9. A Raman spectrum detection method, comprising:

disposing a to-be-detected object on a detection substrate, wherein the detection substrate comprises a working electrode, a counter electrode and a reference electrode, a reaction layer, a counter electrode layer, a reference electrode layer, and a plurality of wirings, wherein the wirings electrically connect the working electrode to the reaction layer, electrically connect the counter electrode to the counter electrode layer, and electrically connect the reference electrode to the reference electrode layer, respectively, a surface of the reaction layer has a naturally micro-etched nano pattern, and the to-be-detected object is electrically connected to the working electrode, the counter electrode, and the reference electrode by contacting the reaction layer, the counter electrode layer, and the reference electrode layer;

electrically connecting an electrochemical device to the detection substrate, and applying a predetermined reaction potential to the detection substrate; and

detecting the to-be-detected object through a Raman spectrum analyzer, wherein the Raman spectrum analyzer comprises a laser source, a light sensor, and an analyzer, wherein the laser source projects a laser on the to-be-detected object, the light sensor receives light scattered after the laser is projected on the to-be-detected object to generate a light signal, and the analyzer receives and analyzes the light signal according to a predetermined reaction time to output spectrum information about the to-be-detected object.

10. The Raman spectrum detection method according to claim 9, further comprising a step of obtaining the predetermined reaction potential and the predetermined reaction time, the step comprising:

performing, through voltammetry, an electrochemical reaction on a detection substrate for testing purposes that supports a target object, and obtaining the predetermined reaction potential and the predetermined reaction time according to a potential and a time for oxidation or reduction of the target object.

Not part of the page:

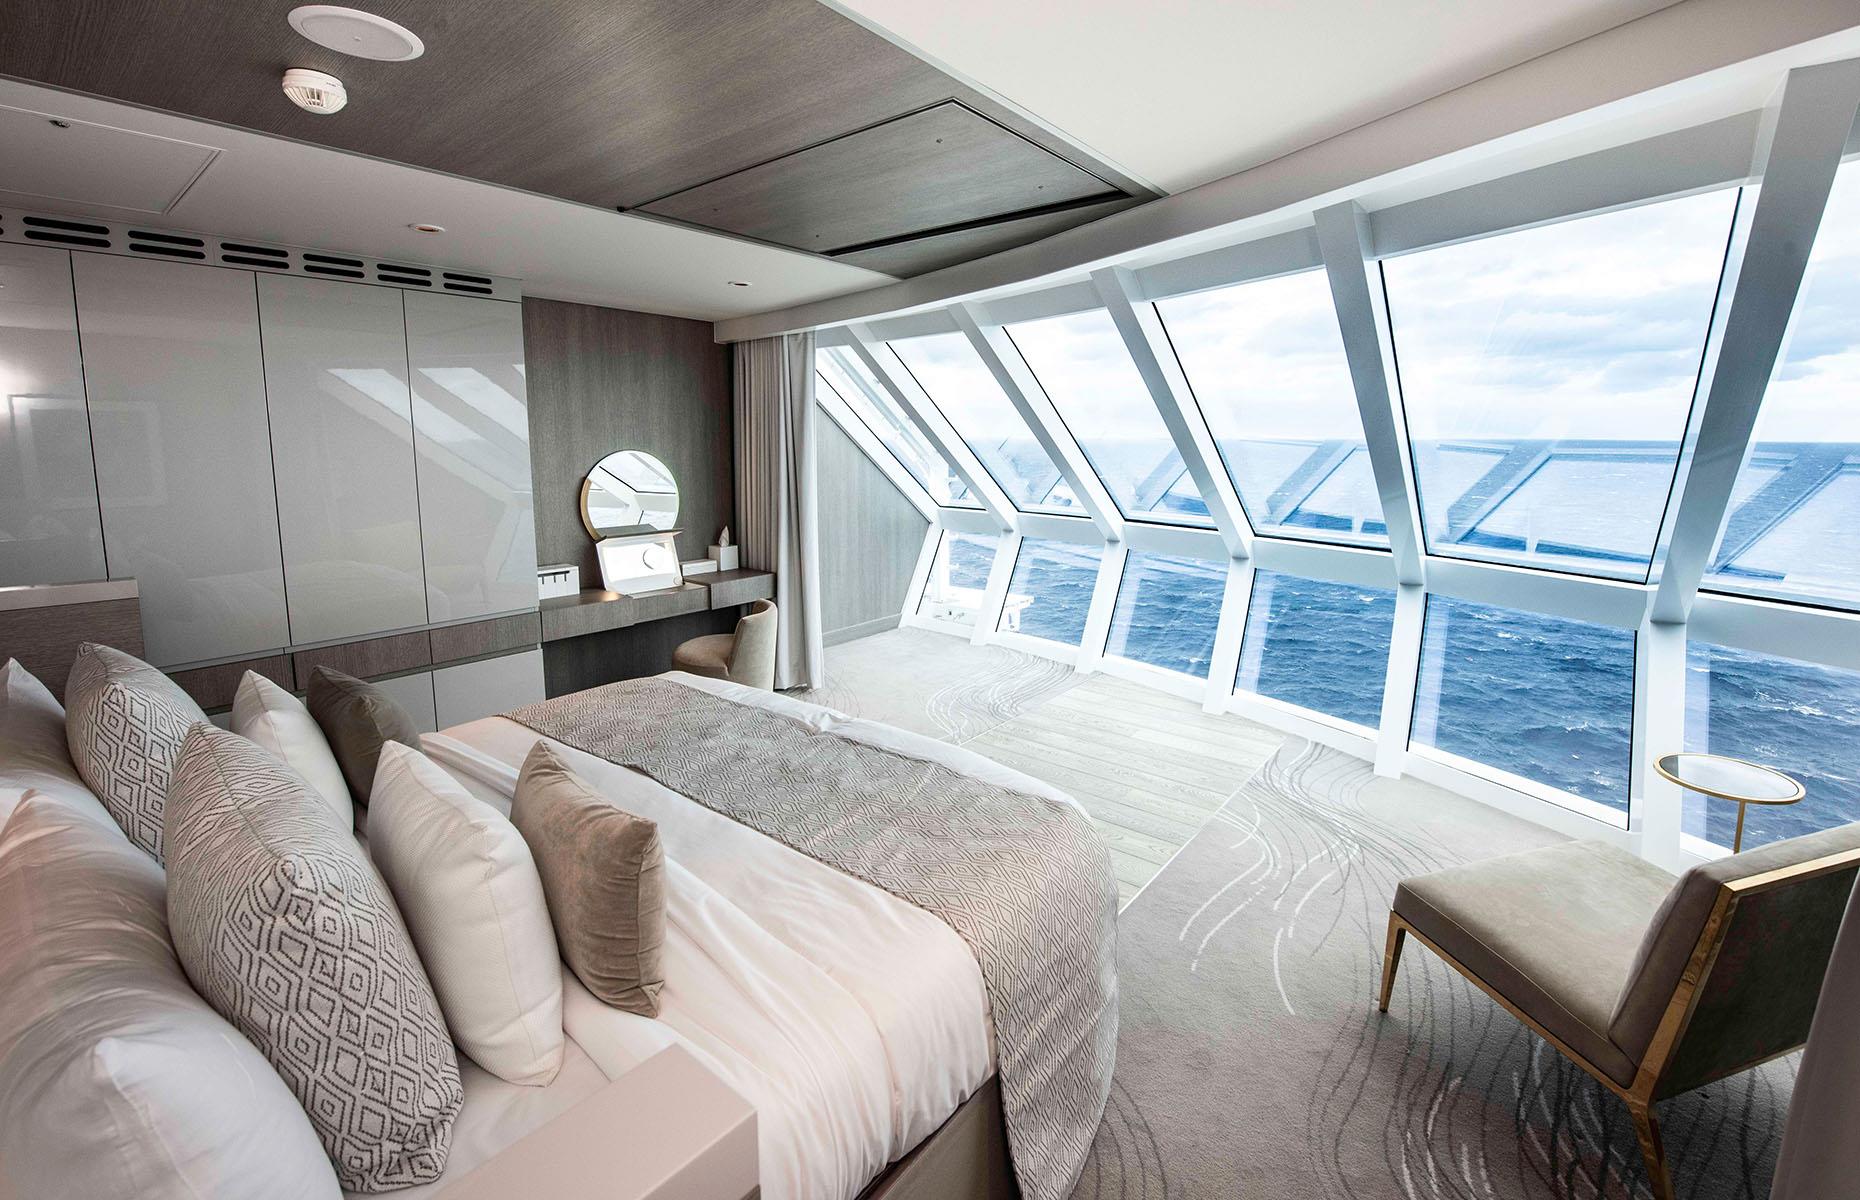 <p>The Iconic Suite is part of The Retreat, an exclusive area of the ship accessible to suite guests. It's home to a sundeck, restaurant and lounge where your butler, along with a team of attendants and concierges, will cater to your every whim. In 2024, Celebrity Edge will visit Hawaii, Alaska, Tahiti and New Zealand and also take in Australia's wine country. A stay in an Iconic Suite on a 13-night cruise around New Zealand costs from around $28.3k per person.</p>

11. The Raman spectrum detection method according to claim 9, further comprising performing an oxidation reduction cycle on the detection substrate through the electrochemical device and an electrolyte, so that the surface of the reaction layer forms the naturally micro-etched nano pattern.

12. The Raman spectrum detection method according to claim 9, wherein the naturally micro-etched nano pattern comprises a plurality of nano-scaled bumps and a plurality of nano-scaled recesses, wherein the bumps and the recesses are randomly distributed.